I entered the kitchen, which was dark except for the glow above the stove. I didn’t bother with the overheads, just grabbed the bottle of bourbon from the cabinet and poured two fingers into a glass. The burn hit the back of my throat sharp, but it didn’t quiet the noise in my head.

It didn’t matter how many years had passed, how much I’d built here, how far I’d come from the boy he left behind. One look, and everything I’d shoved into a box slammed open again.

I told myself I didn’t care. That I was out now, living my life, running the inn, doing fine without him. Truth was, I’d built this place from the rubble he left.
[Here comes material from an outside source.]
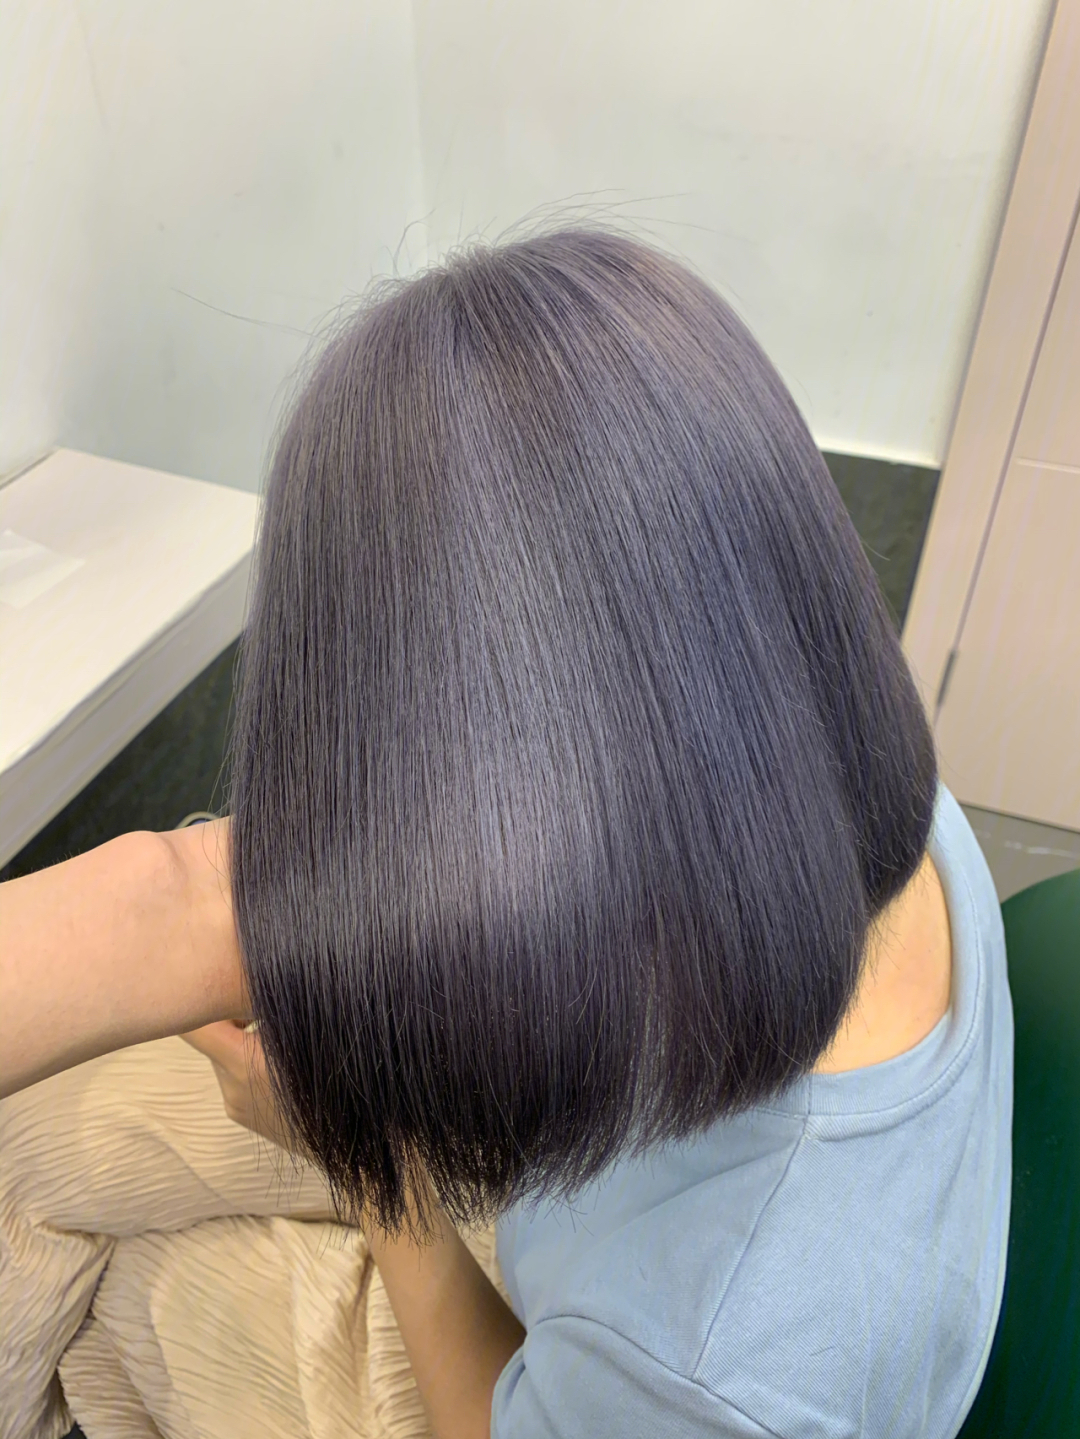 短发单色染紫灰色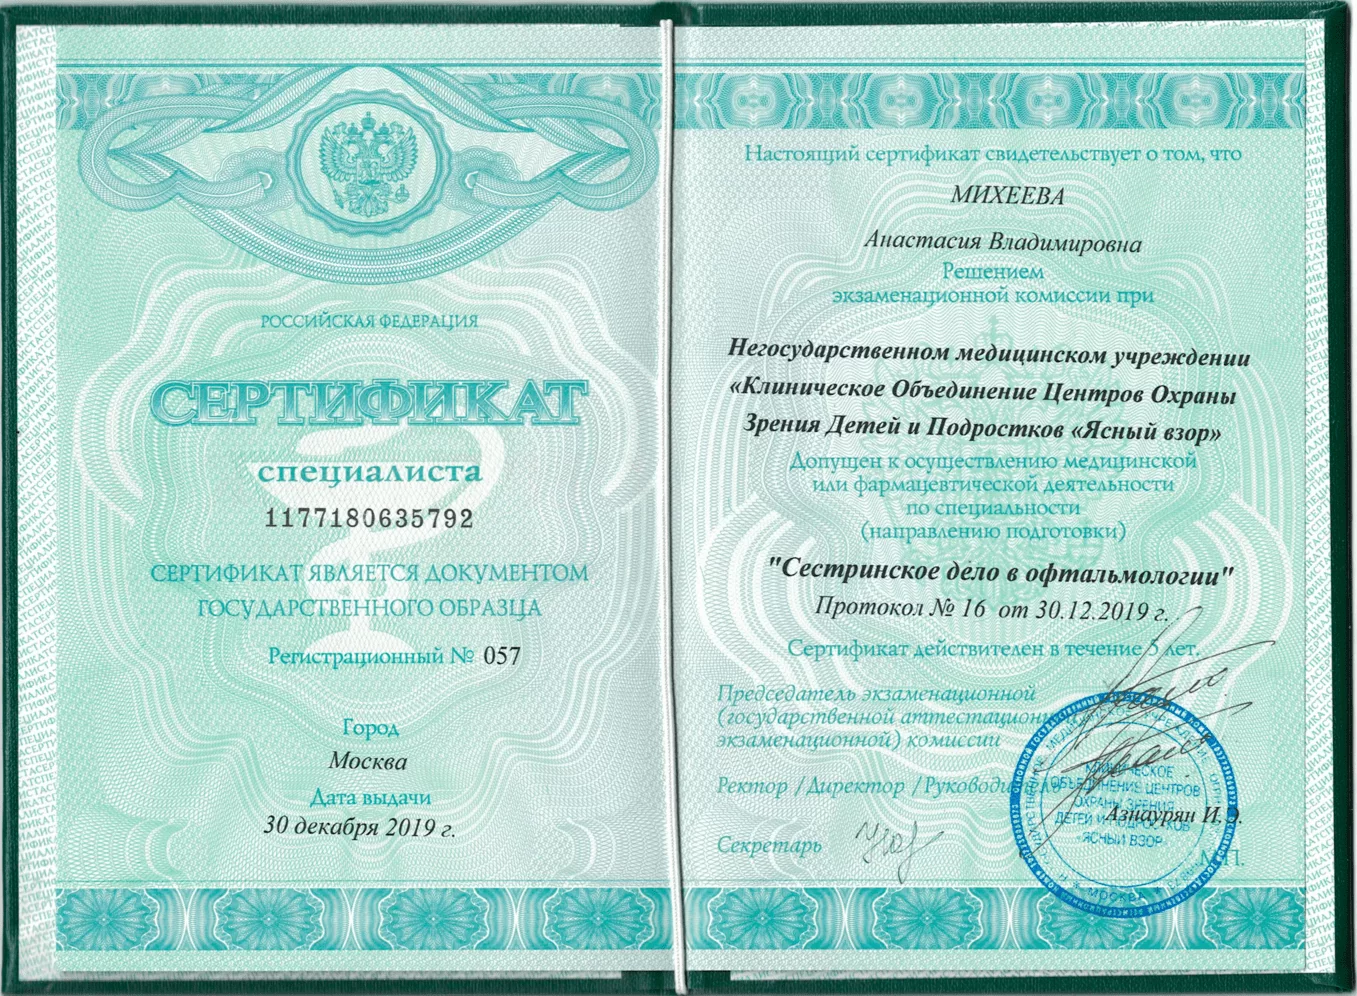 Диплом и сертификат  Михеева Анастасия Владимировна

But seeing him—really seeing him, not just across a room full of former classmates, but here in my space—brought it all back.

Graduation night.

The crowd fading, the air thick with summer heat, and then—his mouth on mine. Not a brush. Not a mistake. Solid. Certain. The kind of kiss that seared straight through skin and bone and told me, without words, this mattered. That I mattered. For one impossible heartbeat, it felt like the world tilted open, like we’d stepped out of boyhood and into something bigger, brighter, ours.

And then morning came.

He was gone.

There wasn’t a note. No explanation. Just his absence—like that kiss had been erased everywhere except in me.

And now? He looked good. Better than good. Broader through the shoulders, a man instead of the boy I’d memorized. Handsome in a way that made my pulse trip even as my jaw locked.

Had he married? Had kids? The ring finger on his left hand was bare, but that didn’t mean much. If he was still hiding, I doubted he’d ever parade the truth.

I gripped the glass tighter, bourbon sloshing.

Dammit.

I tipped back the last swallow, heat crawling through me that had nothing to do with the bourbon.

The thoughts swirling in my head didn't matter. Whatever Kellan Miller was now, whoever he was now, I wasn’t about to find out.

Upstairs, my footsteps fell quiet against the smooth hardwood as I crossed into my bedroom. The air conditioner hummed steady overhead, cool air spilling through the vent. I stretched out on the mattress, staring at the blank white ceiling, trying to will my thoughts quiet.

Sleep didn’t come.

Tomorrow was packed—tours, games, yearbook nonsense, and some former schoolmates booked under my roof. I couldn’t avoid Kellan even if I wanted to. Which I did. Or I told myself I did.

Twenty years ago, I swore I wouldn’t give him the chance to hurt me again.

Now he was sleeping under my roof.

May 24

First night back in Gomillion behind me. Didn’t sleep much—jet lag, nerves, or maybe just the sound of being back in these walls. Hard to tell.

The reunion schedule looks harmless enough on paper: campus tour, yearbooks printed twenty years late, a prom theme that’ll probably have us all sweating under neon lights. The kind of schedule that’s supposed to stir nostalgia, not heartburn.

Part of me wants to lean into it. See the changes on campus. Catch up with old faces. Maybe even laugh about who we used to be.

But none of that feels simple with Emmett in the room. I catch myself scanning crowds, tracking him without meaning to. It’s like my compass never reset.

Maybe today will be different. Or maybe it’ll just remind me of how far I ran, and how close he still feels anyway.